### EXERCISE OBJECTIVE
Write the full listing out again, word for word, but omit the pictures.

### GIVEN MATERIAL
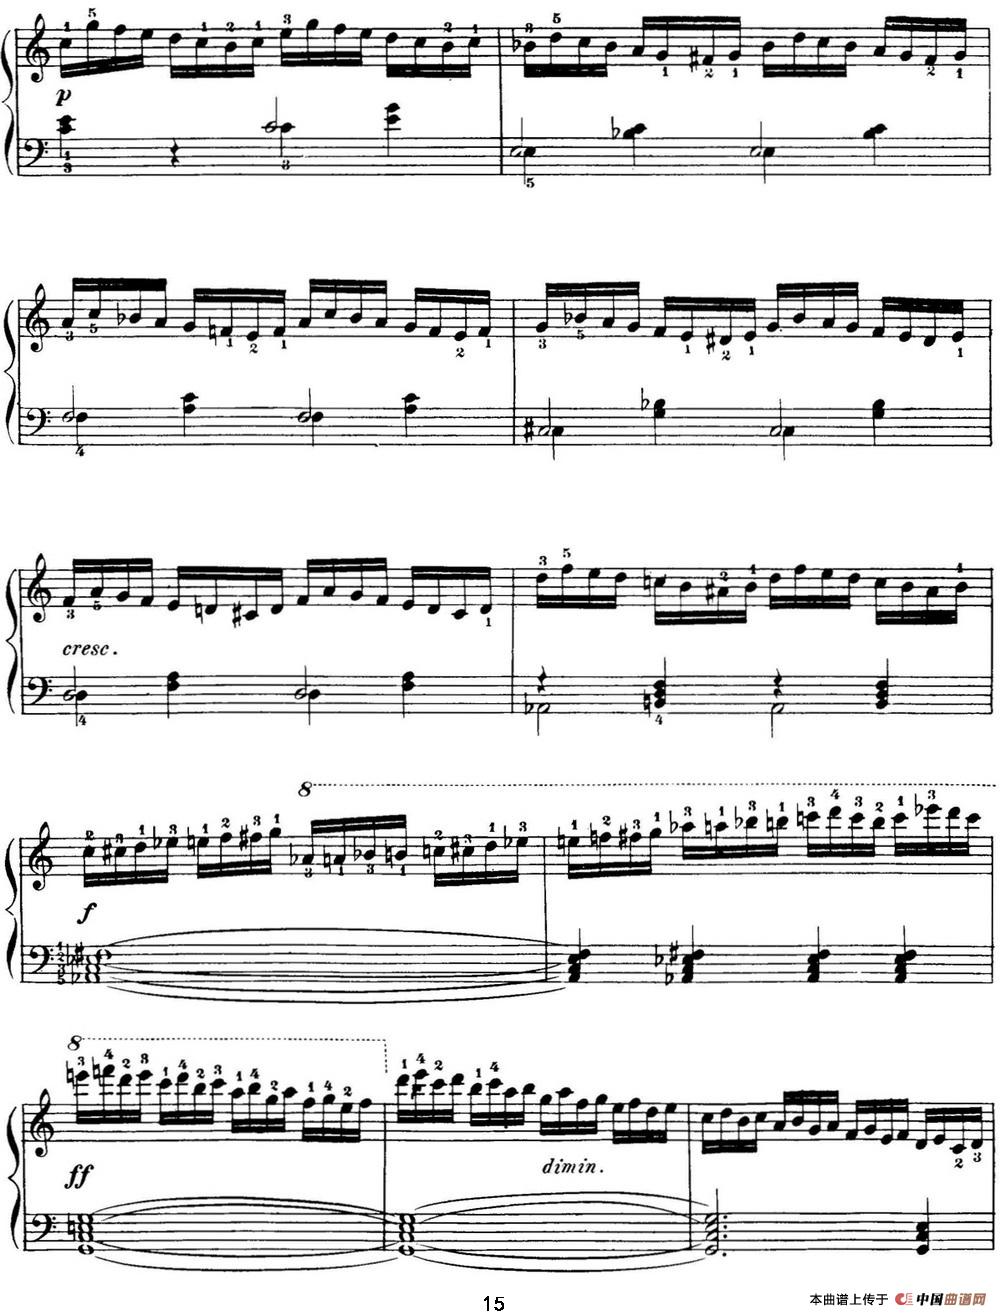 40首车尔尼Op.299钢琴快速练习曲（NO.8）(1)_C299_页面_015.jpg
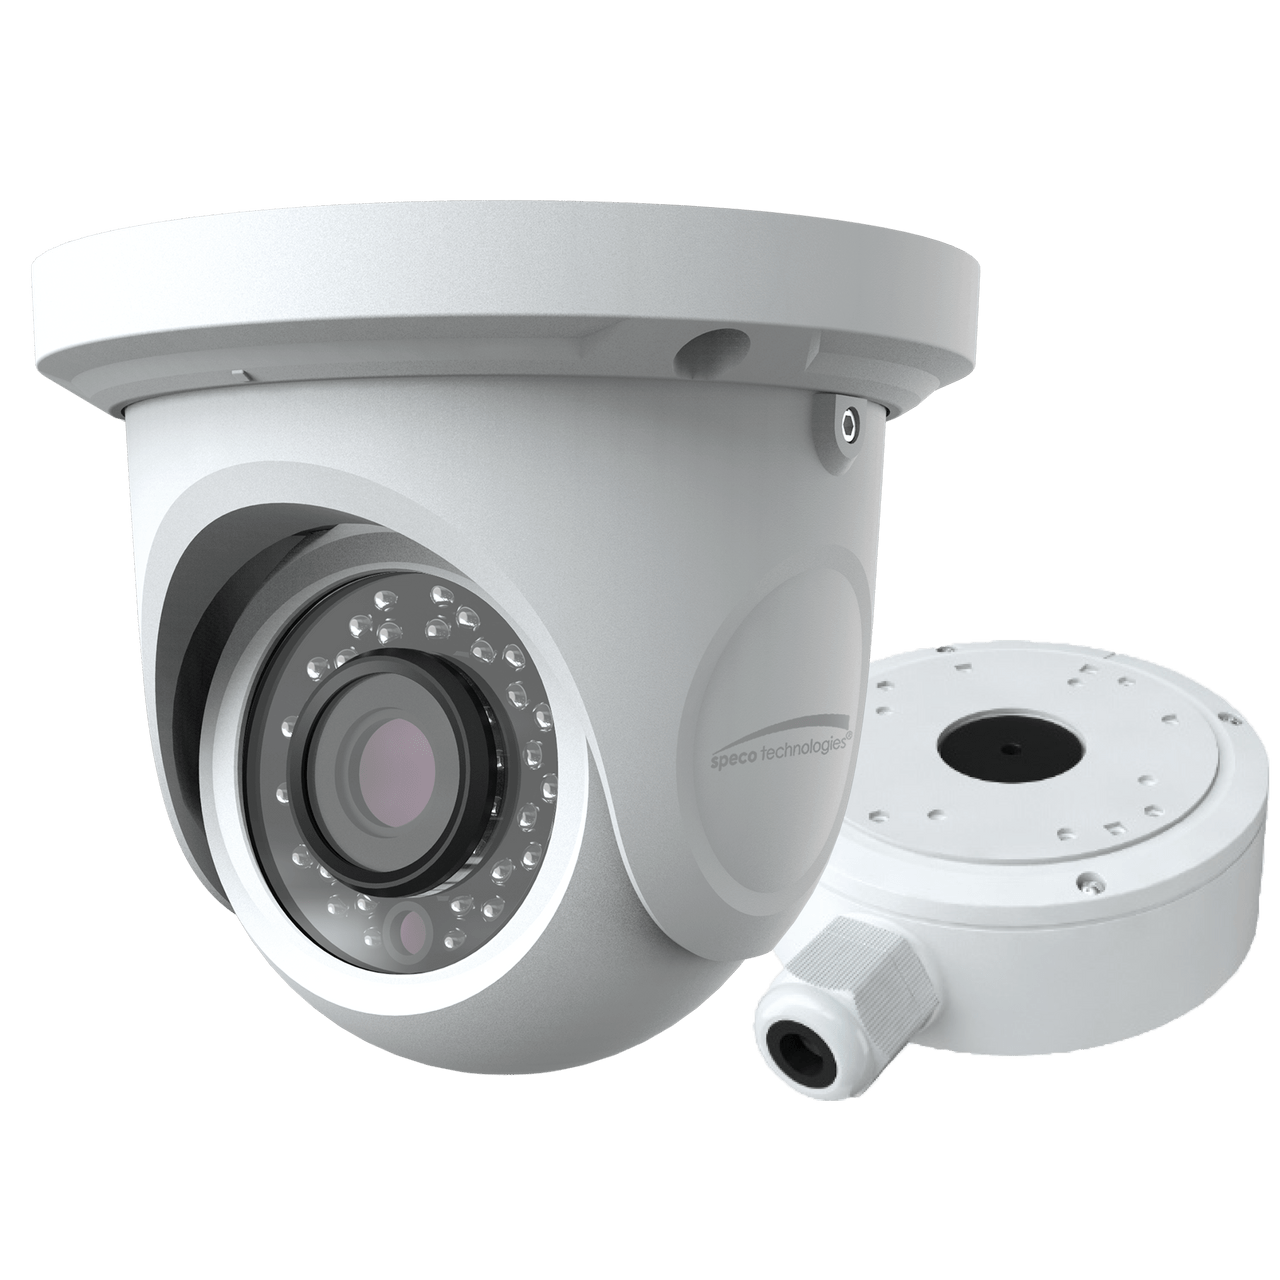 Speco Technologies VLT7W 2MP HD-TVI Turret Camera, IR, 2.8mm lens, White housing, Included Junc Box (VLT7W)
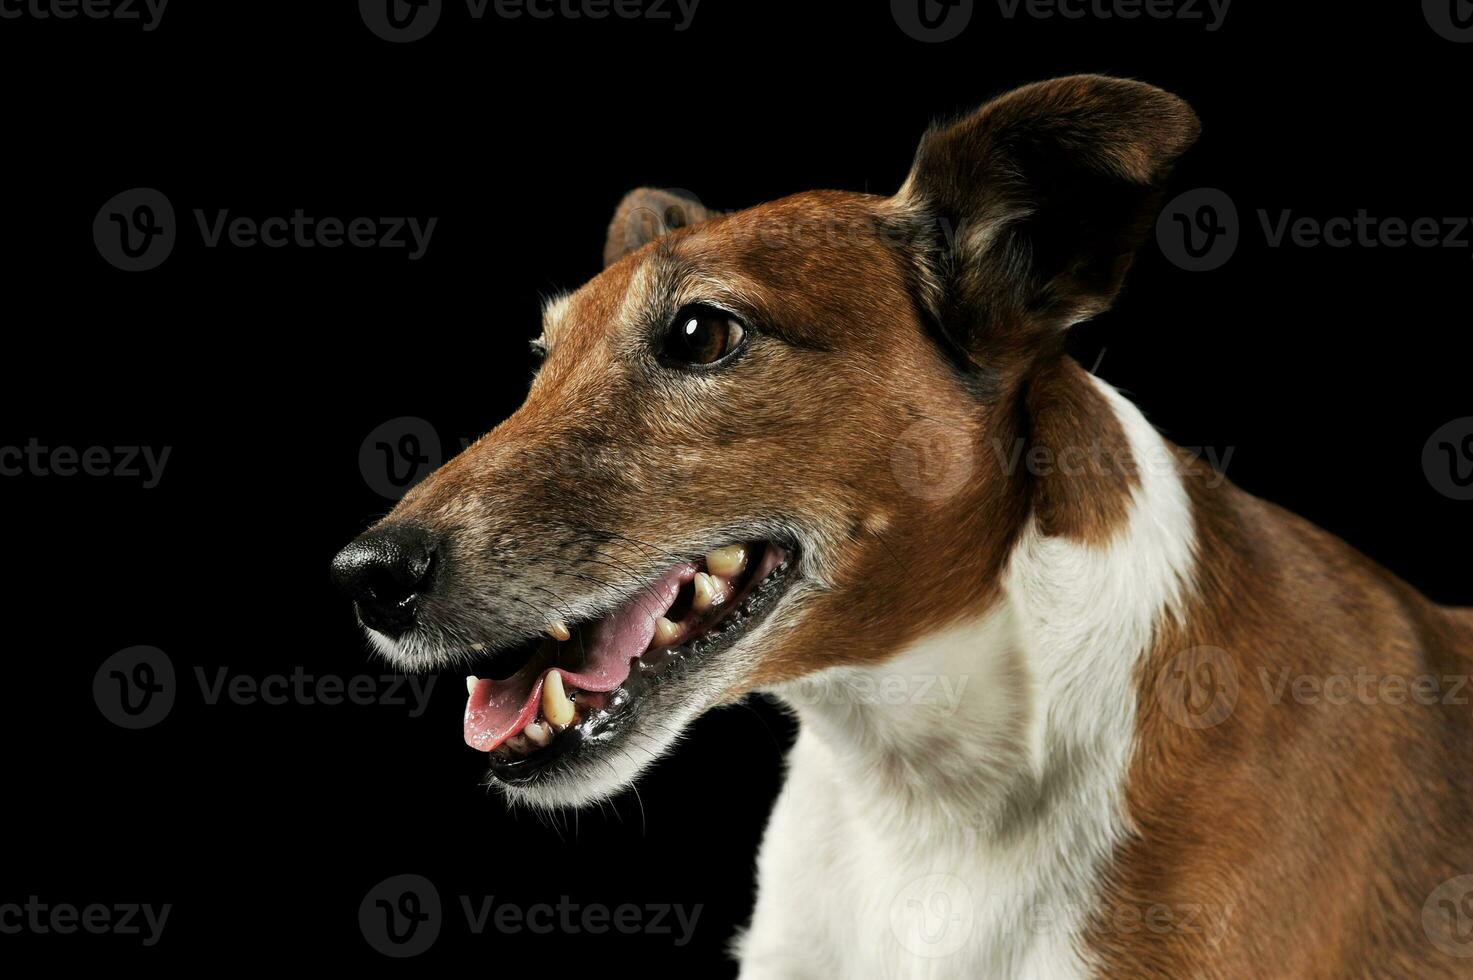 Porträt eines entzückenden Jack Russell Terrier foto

### PROBLEM SOLUTION
 40首车尔尼Op.299钢琴快速练习曲（NO.8）(1)_C299_页面_015.jpg
 Speco Technologies VLT7W 2MP HD-TVI Turret Camera, IR, 2.8mm lens, White housing, Included Junc Box (VLT7W)
 Porträt eines entzückenden Jack Russell Terrier foto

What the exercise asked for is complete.